Notice the long tail of high-ridership days. These can often throw off a model. Also notice that there are no ride counts below 0, as should be expected for data of counts. But a linear model might end up predicting a negative value, which wouldn’t make sense.
We can address both of those problems by transforming our response variable. Instead of trying to predict casual, let’s try to predict log(casual). That way we’ll never predict a negative value for casual.
Other transformations may work better, but log-transforming data is simple and common. In a linear model, it means that each term contributes multiplicatively to the prediction: each degree of temperature increase will mulitply the ride count by something (i.e., it goes up by x percent), rather than adding to it.
Now, we’ll plot the distribution of log(casual). Use a histogram or density plot.


Notice that the data distribution is less skewed, and the clear outliers are now actually the low-ridership days, which may not matter as much anyway. Going forward, let’s use this transformed result. (Note that we won’t need to explicitly make a new column; the modeling functions will handle the transformation and inverse transformation for us.)
Time Series EDA
We’ll first make our data into a time series:
rides_ts <- daily_rides %>%
as_tsibble(index = date)Autocorrelation
Exercise 1 (5pt) Here’s a plot of the autocorrelation function (ACF) of log(casual).
- What peaks do you observe in the ACF?
- What do those peaks tell us about the data?
rides_ts %>%
ACF(log(casual)) %>%
autoplot()
Decomposition
Let’s decompose the time series into trend, seasonal, and remainder.
rides_ts %>%
model(
STL(log(casual) ~ trend() + season(), robust = TRUE)
) %>%
components() %>%
autoplot()
Exercise 2 (2pt) Based on what you know or can look up about bike riding, explain why this time series has both yearly and weekly seasonal components.
Train-test Split
We’ll take the first 3/4 of the data as training set, and last 1/4 as test.
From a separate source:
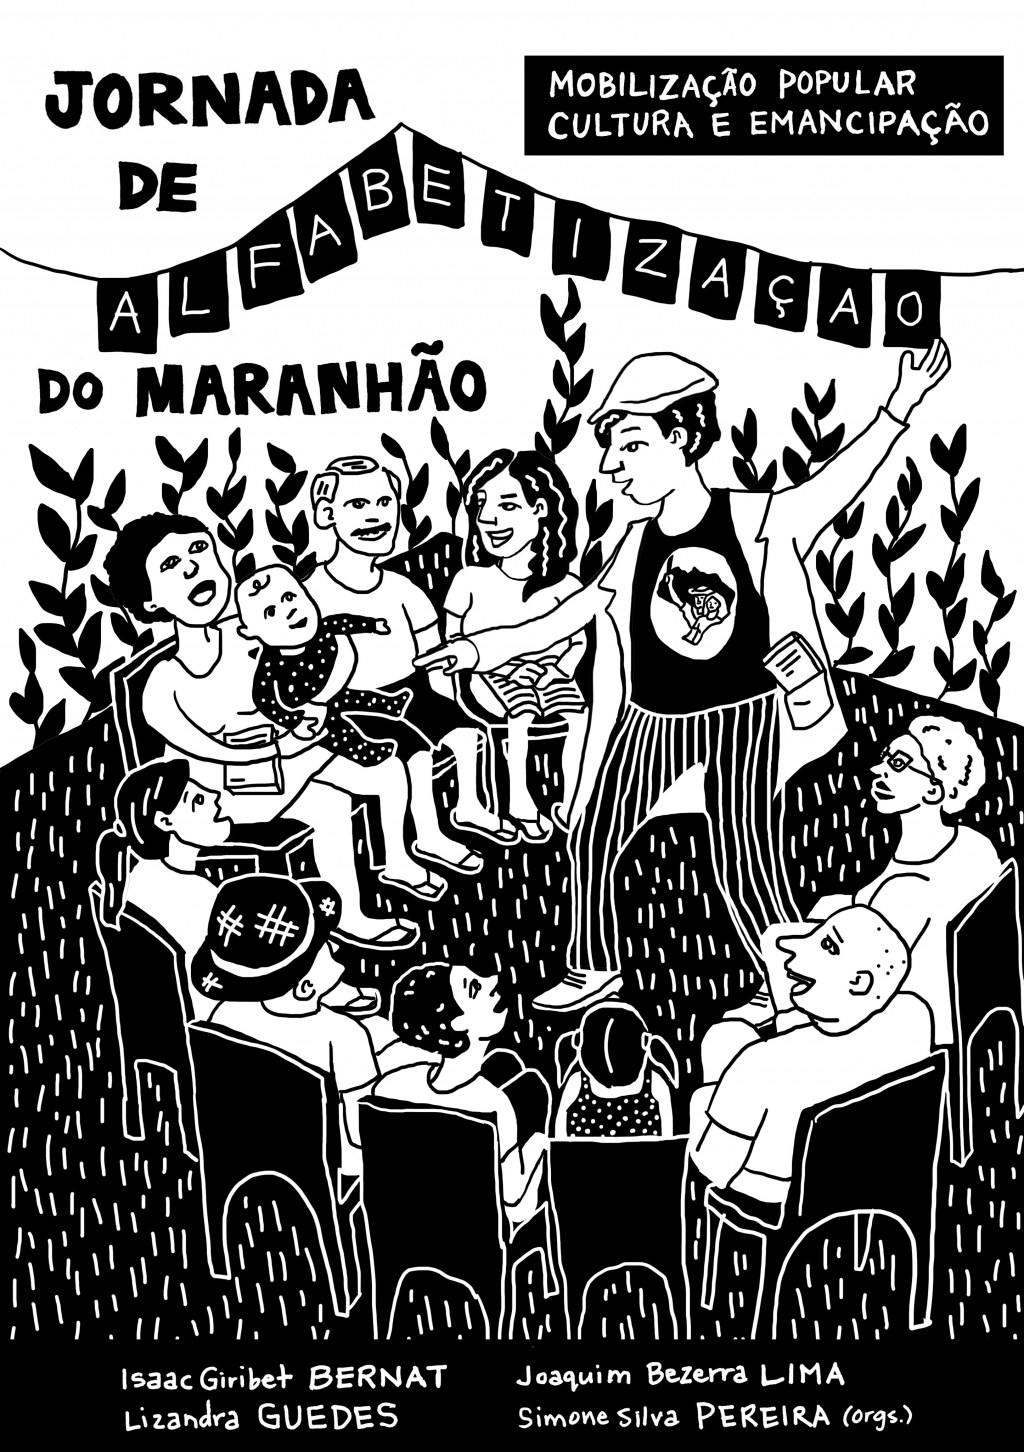 Jornada de Alfabetização do Maranhão: Mobilização Popular, Cultura e Emancipação (DISPONÍVEL PARA DOWNLOAD)

We’re not shuffling the data first; we want to make sure that the test set is actually the future.
splits <- rides_ts %>% initial_time_split(prep = 3/4)
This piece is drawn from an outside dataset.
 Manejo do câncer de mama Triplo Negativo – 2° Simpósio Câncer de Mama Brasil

rides_train <- training(splits)
rides_test <- testing(splits)Let’s plot the data, marking the test set separately. I’ll give you the code here since it’s slightly non-obvious.
rides_train %>%
autoplot(casual) +
geom_smooth() +
autolayer(rides_test, casual, color = 'red')
Exercise 3 (4pt) Based on what we’ve seen about the data so far, plus what you might know about bike riding:
- What factors work in favor of making good predictions for the future data?
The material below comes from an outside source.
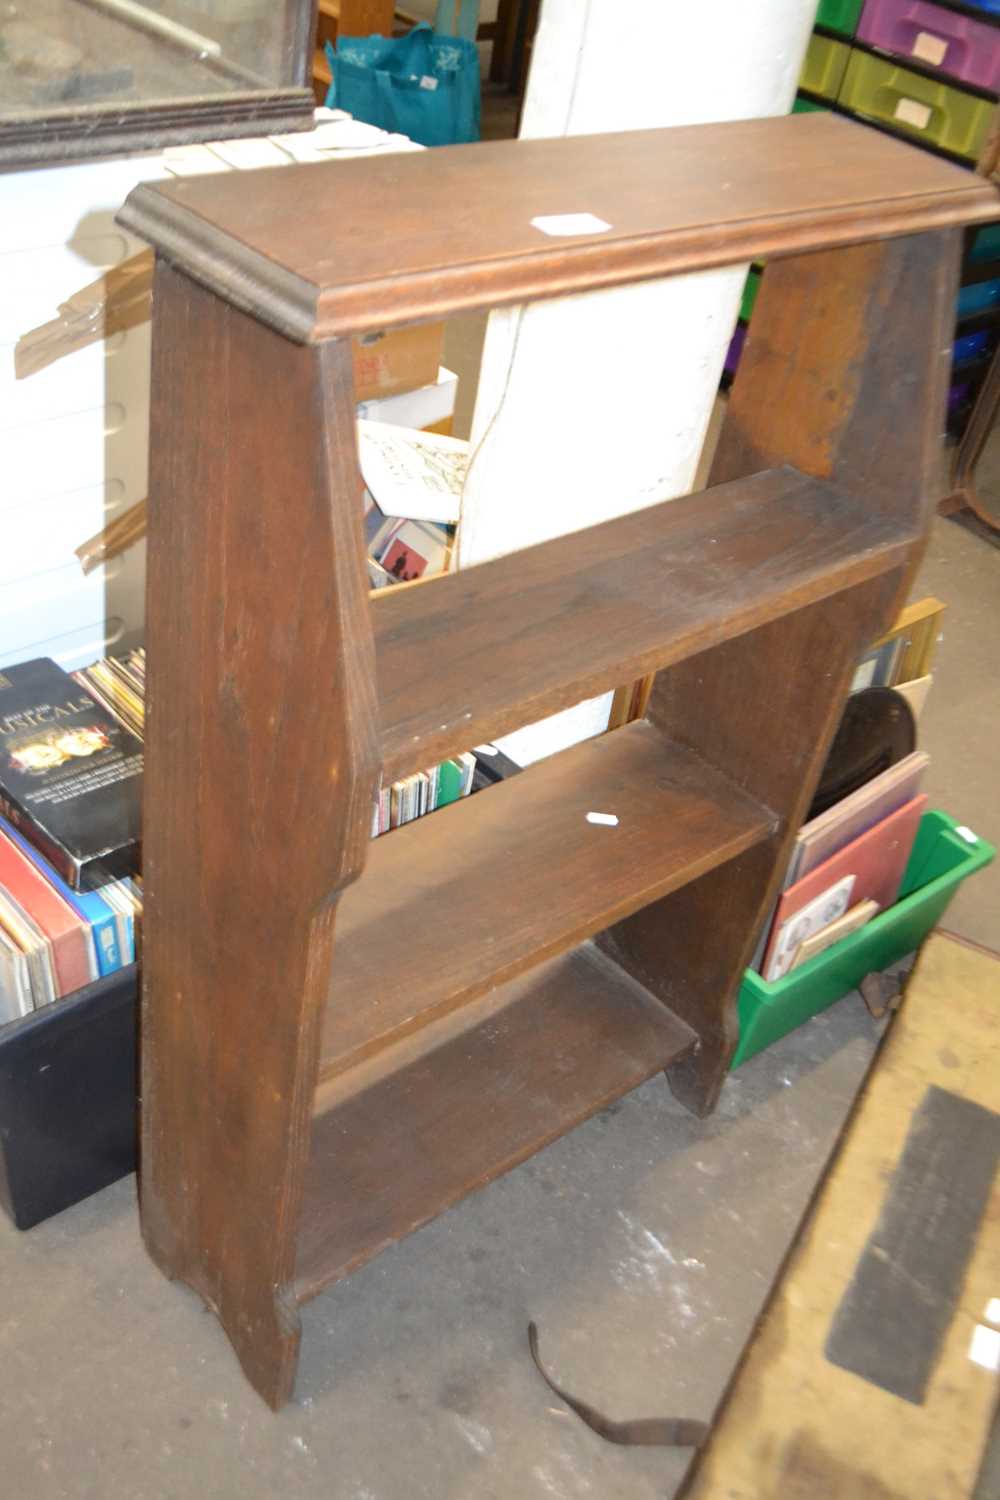 A small wooden bookshelf, 62cm wide

- What factors work against making good predictions?
Simplistic Models
Use the following code to predict the ridership on the test set using naive (“random walk”), drift, and weekly seasonal models.
# Fit the models.
models <- rides_train %>% model(
naive = NAIVE(casual),
drift = NAIVE(casual ~ drift()),
weekly = SNAIVE(casual ~ lag(7))
)
# Get forecasts on the test set.
forecasts <- models %>%
forecast(rides_test)
# Plot forecasts against the actual data.
# Change `rides_ts` to `rides_test` if you want to zoom in.
# We use `level = NULL` to hide prediction intervals.
forecasts %>%
autoplot(rides_ts, level = NULL)
Exercise 4 (4pt) Describe the difference between the forecasts made by the three models. Also, identify which one seems to fit the data best; explain why it does so.
Exercise 5 (2pt) The following code is used to quantify the accuracy of the models. Compare the accuracy numbers you get here with what seemed to fit the data best in the previous exercise.
forecasts %>%
accuracy(rides_test) %>%
select(.model, MAE, MAPE, RMSE)# A tibble: 3 × 4
.model MAE MAPE RMSE
<chr> <dbl> <dbl> <dbl>
1 drift 796. 719. 915.
2 naive 663. 600. 768.
3 weekly 492. 463. 617.
Regression Models
Exercise 6 (1pt): Copy the code from above but change the models as follows. First, keep only the best-performing of the simplistic models. Then, add the following two models:
lm = TSLM(casual ~ temp + workingday + month)and (don’t forget the commas between models)lm_trend = TSLM(casual ~ temp + workingday + month + trend())
Compare the performance of these models with the previous models based on both the prediction plots and the quantitative error metrics.
Note 1: These declare simple linear models with identical structure to what we fit in the previous homework. There’s nothing “time series” about them, except that they do distinguish weekends from weekdays and let the prediction change between months.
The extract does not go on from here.